A woman is walking through the park when she sees a beautiful man sitting on a park bench.
He’s reading a book and eating some fruit out of a Tupperware container. Slowly, the woman gathers the courage to go ask the man out.
So, she walks over and takes a seat next to him on the bench, turns to him and says, “Sorry to bother you. I know this may be a little forward, but I would love to grab coffee with you sometime.”
Flattered, the man responds, “Sure… but what makes you so certain you and I would get along so well?”
“Well,” the woman says, “A couple of things, actually. I noticed you were wearing an Iron Maiden t-shirt. Iron Maiden is my all-time favorite band. When they went on their reunion tour in 1999, my parents took me to see them in Cleveland. I was 12 years old, and it was the first concert I ever went to. I absolutely love Iron Maiden. ”

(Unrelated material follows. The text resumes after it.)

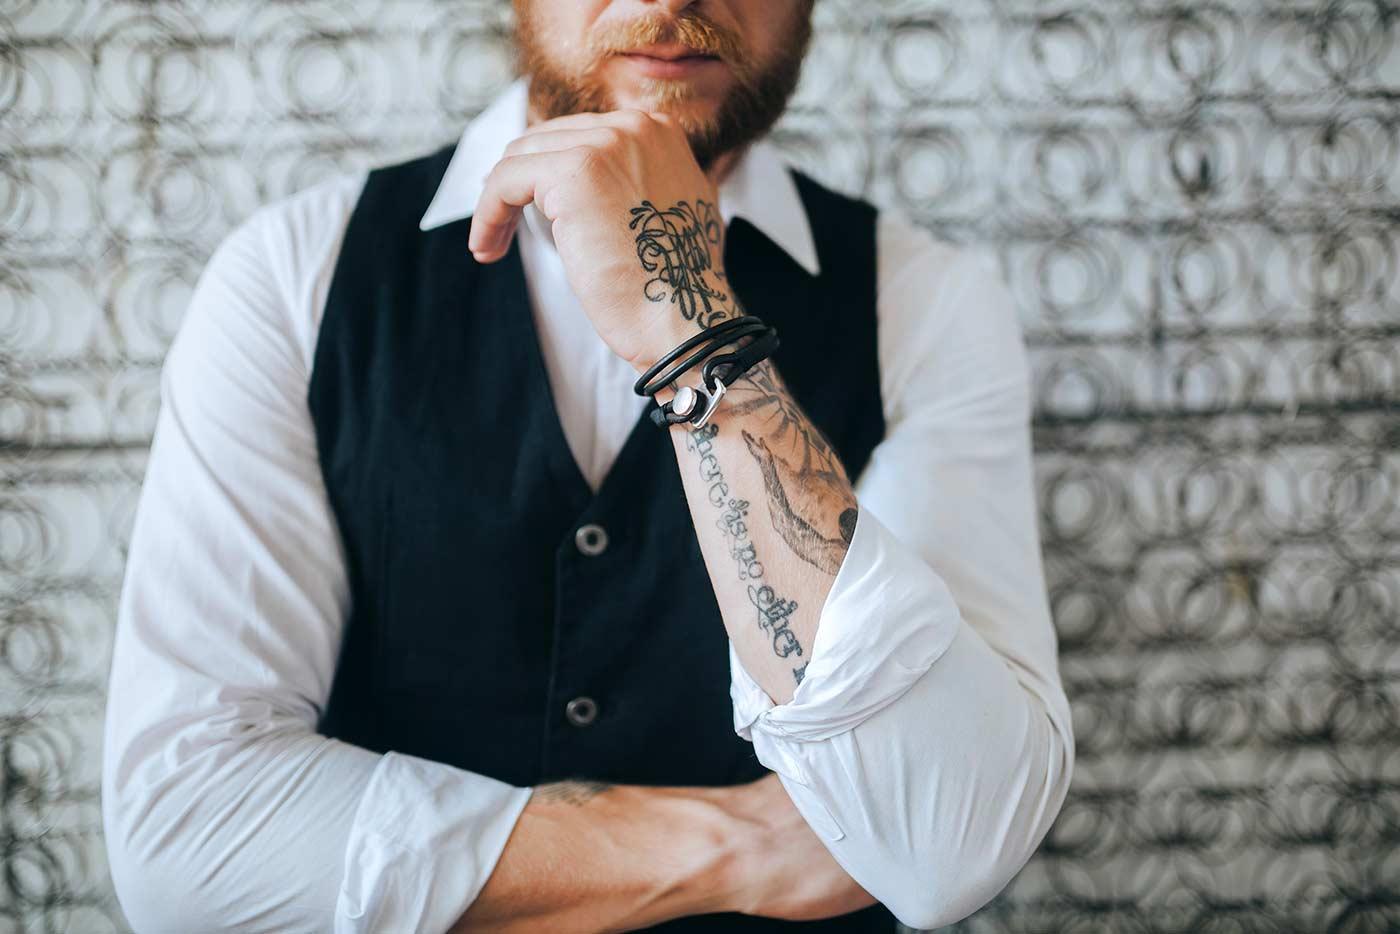 Bräutigam mit Tattoos

The man can’t believe it. “I saw them play Cleveland in ’99! First concert I ever went to on my own. My best friend Jimmy Spitz and I told our parents we were sleeping at each other’s houses, snuck out, took a bus into the city, and saw them play at the Plain Dealer Pavilion!” Naturally, they’re both shocked.

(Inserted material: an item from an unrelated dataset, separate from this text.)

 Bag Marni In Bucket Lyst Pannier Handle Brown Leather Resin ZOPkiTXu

“If that isn’t weird enough,” says the woman, “I noticed you’re reading Mark Twain. I was a communications major in university, and I actually wrote my thesis on Mark Twain, how he used satire as a lens to comment on current events of the time, comparing him to satirical news sources of today. He’s my favorite author.”
Now the man is really taken aback, “Get out of here. I was an English major in university! I specialized in 19th-century American literature. This is like my fourth or fifth time reading Tom Sawyer. I absolutely love Mark Twain.” They both can’t believe it; this has got to be a match made in heaven.
“Ok,” the woman says, “well, buckle up because here’s the icing on the cake. I noticed you’re eating a prune. Prunes are my absolute favorite fruit. When I was a kid, my grandfather lived on a farm and grew them. They’re my favorite fruit! I love prunes, you’re eating a prune; this has got to be fate. What do you say?”
The man puts down his fruit and responds, “It’s a date.”

The teacher asks the class: Where do apples grow?
Smart Samantha answers: On apple trees.
The teacher asks the class: Where do pears grow?
Clever Curtis answers: On pear trees.
The teacher asks the class: Where do dates grow?
The class is silent.
Little Johnny raises his hand and says: On calendars?